A good read from Ray Dalio’s story:
Just before Thanksgiving, I met with Bunker Hunt, then the richest man in the world, at the Petroleum Club in Dallas. Bunker saw the debt crisis and inflation risks pretty much as I saw them. He’d been wanting to get his wealth out of paper money for the past few years, so he’d been buying commodities, especially silver, which he had started purchasing for about $1.29 per ounce, as a hedge against inflation. He kept buying and buying as inflation and the price of silver went up, until he had essentially cornered the silver market. At that point, silver was trading at around $10. I told him I thought it might be a good time to get out because the Fed was becoming tight enough to raise short-term interest rates above long-term rates (which was called “inverting the yield curve”). Every time that happened, inflation-hedged assets and the economy went down. But Bunker was in the oil business, and the Middle East oil producers he talked to were still worried about the depreciation of the dollar. They had told him they were also going to buy silver as a hedge against inflation so he held on to it in the expectation that its price would continue to rise. I got out.
By early 1980, silver had gone to nearly $50, and as rich as he was, Bunker became a lot richer. While I had made a lot of money on silver’s rise to $10, I was kicking myself for missing the ride to $50. But at least, by being out, I didn’t lose money. There are anxious times in every investor’s career when your expectations of what should be happening aren’t aligned with what is happening and you don’t know if you’re looking at great opportunities or catastrophic mistakes. Because I had a strong tendency to be right but early, I was inclined to think that was the case. It was, but to have missed the $40 move up was inexcusable to me.

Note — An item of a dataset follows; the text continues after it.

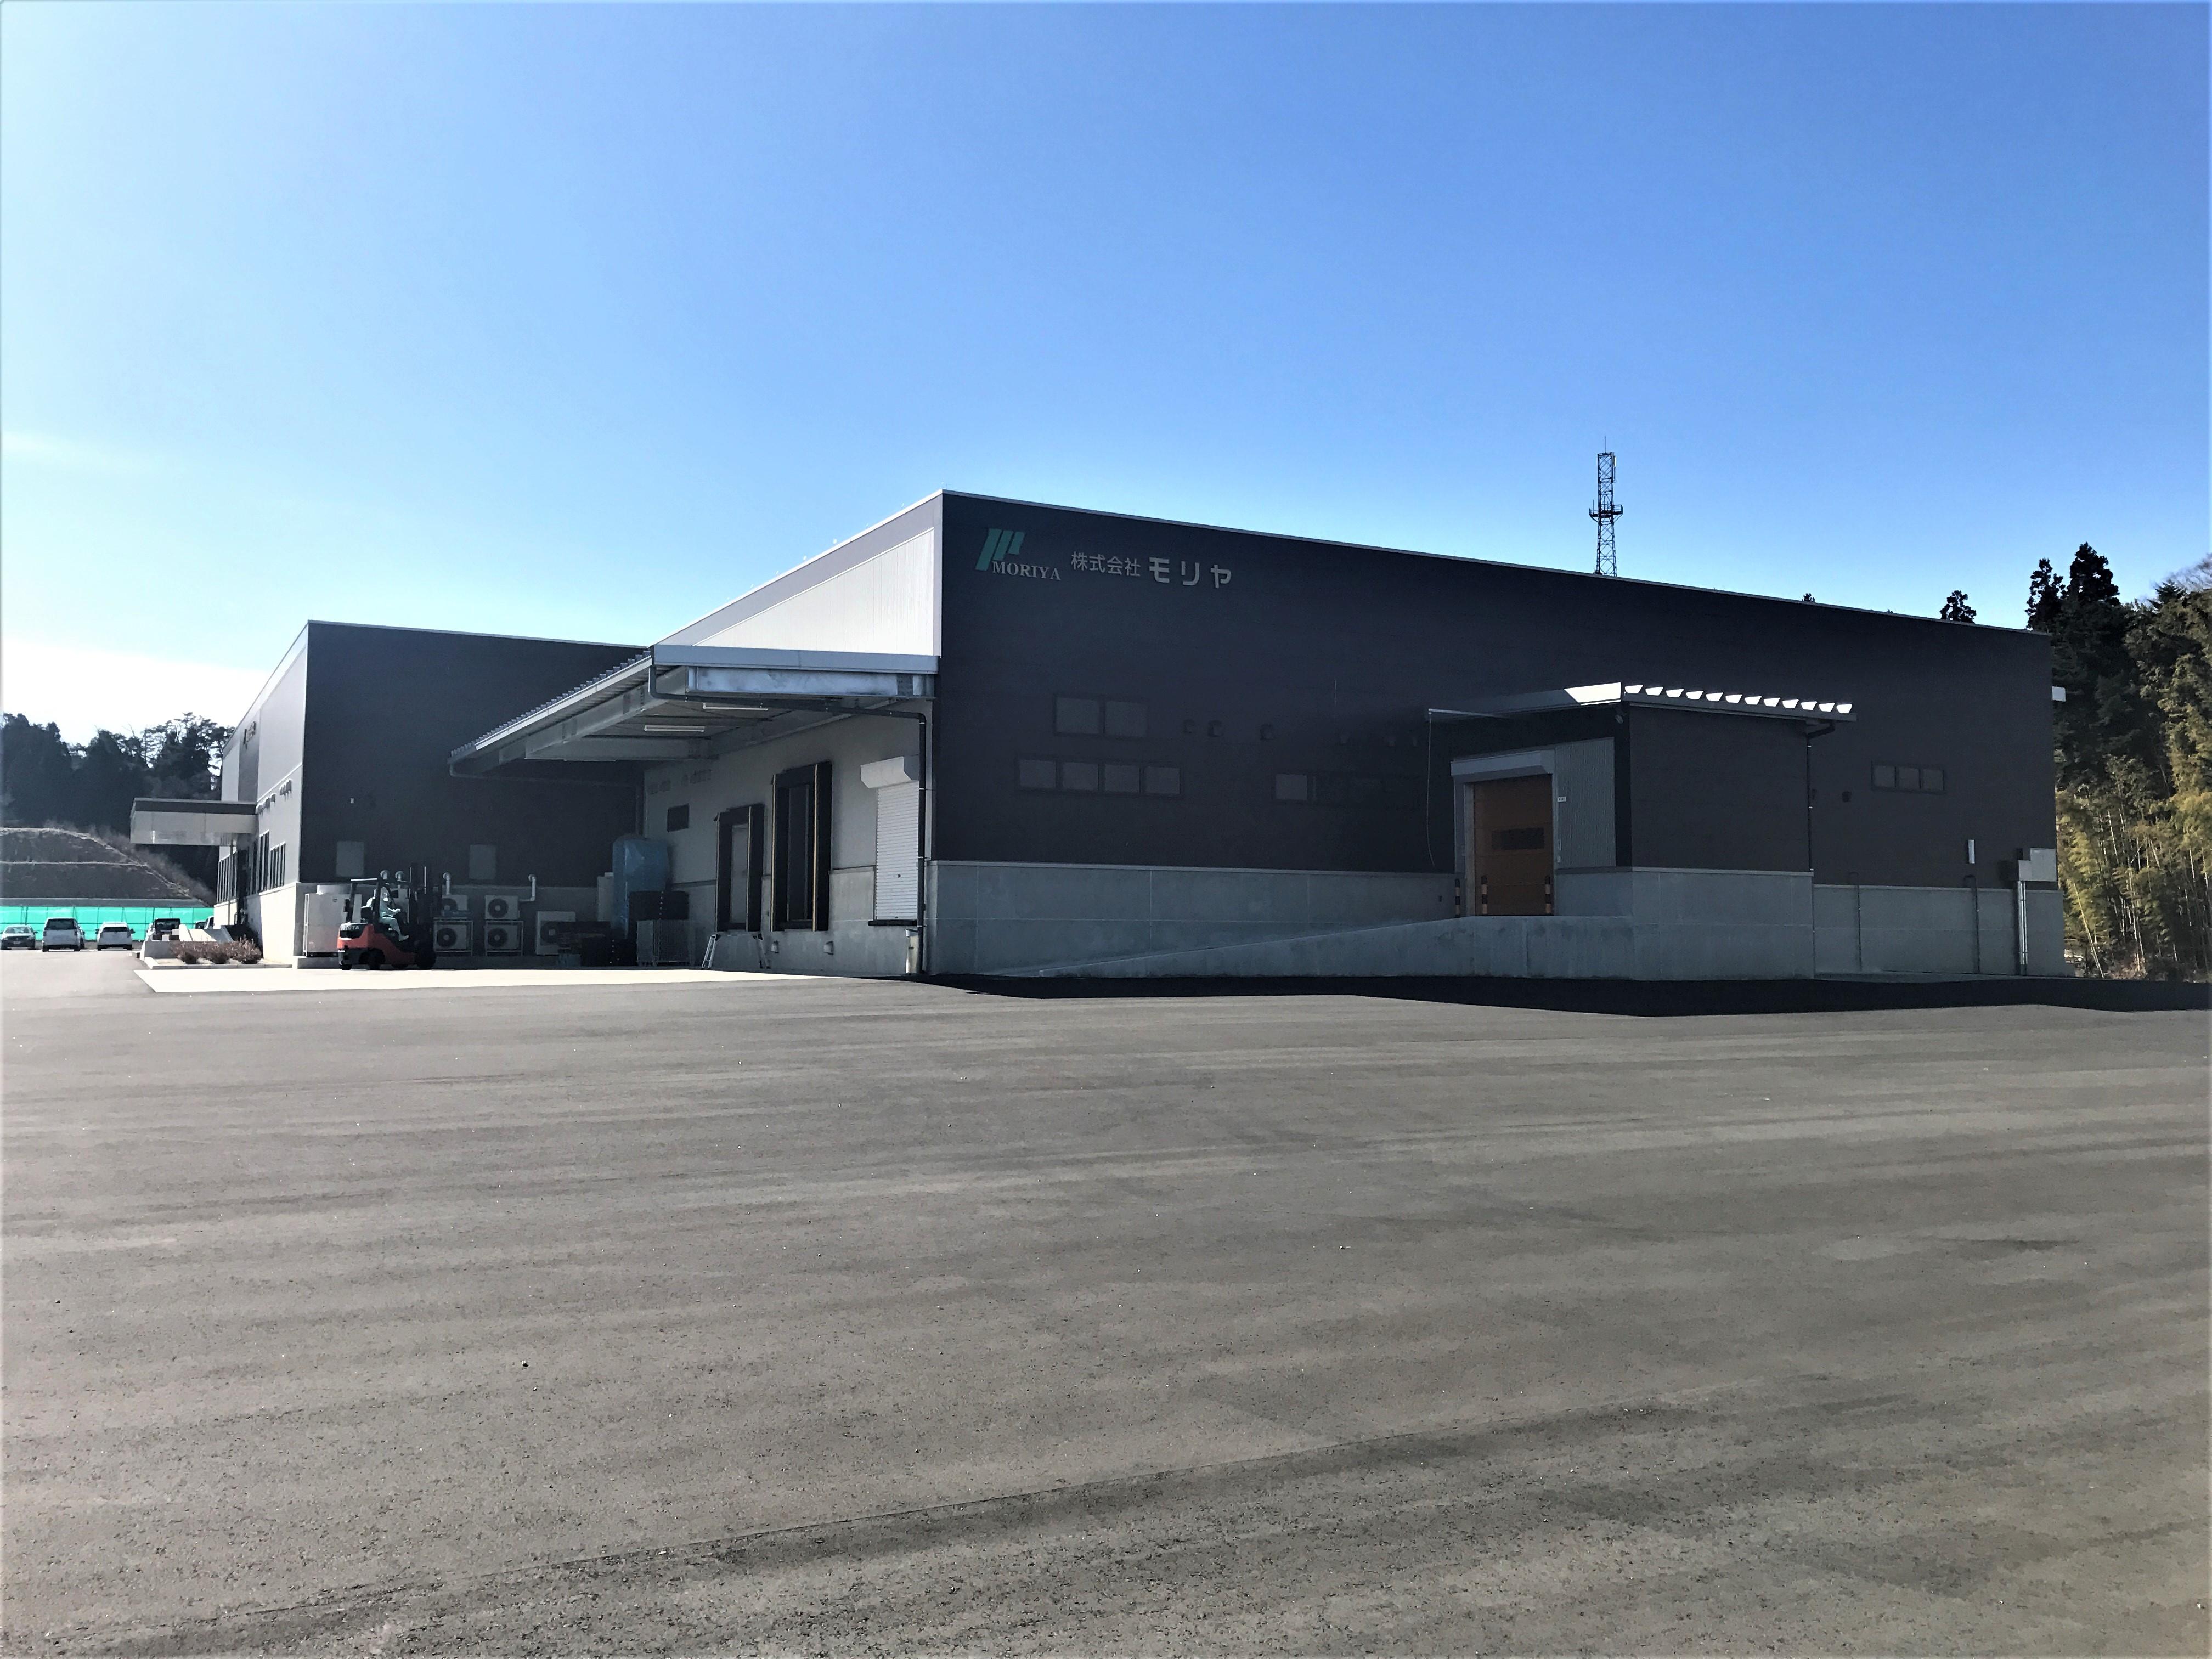 H26 | ㈱モリヤ | 新社屋兼工場建築工事

When the plunge finally did happen, in March 1980, silver crashed back down below $11. It ruined Hunt, and he nearly brought down the whole U.S. economy as he fell.2 The Fed had to intervene to control the ripple effects. All of this pounded an indelible lesson into my head: Timing is everything. I was relieved that I was out of that market, but watching the richest man in the world—who was also someone I empathized with—go broke was jarring. Yet it was nothing compared to what was to come.
My interpretation: the market can be irrational at times. If you think the market is overvalued and due for a big correction since 2016, yet it is still going up and hitting all time highs.You might be right but early. From what we know, economics and market always, always correct themselves according to fundamentals.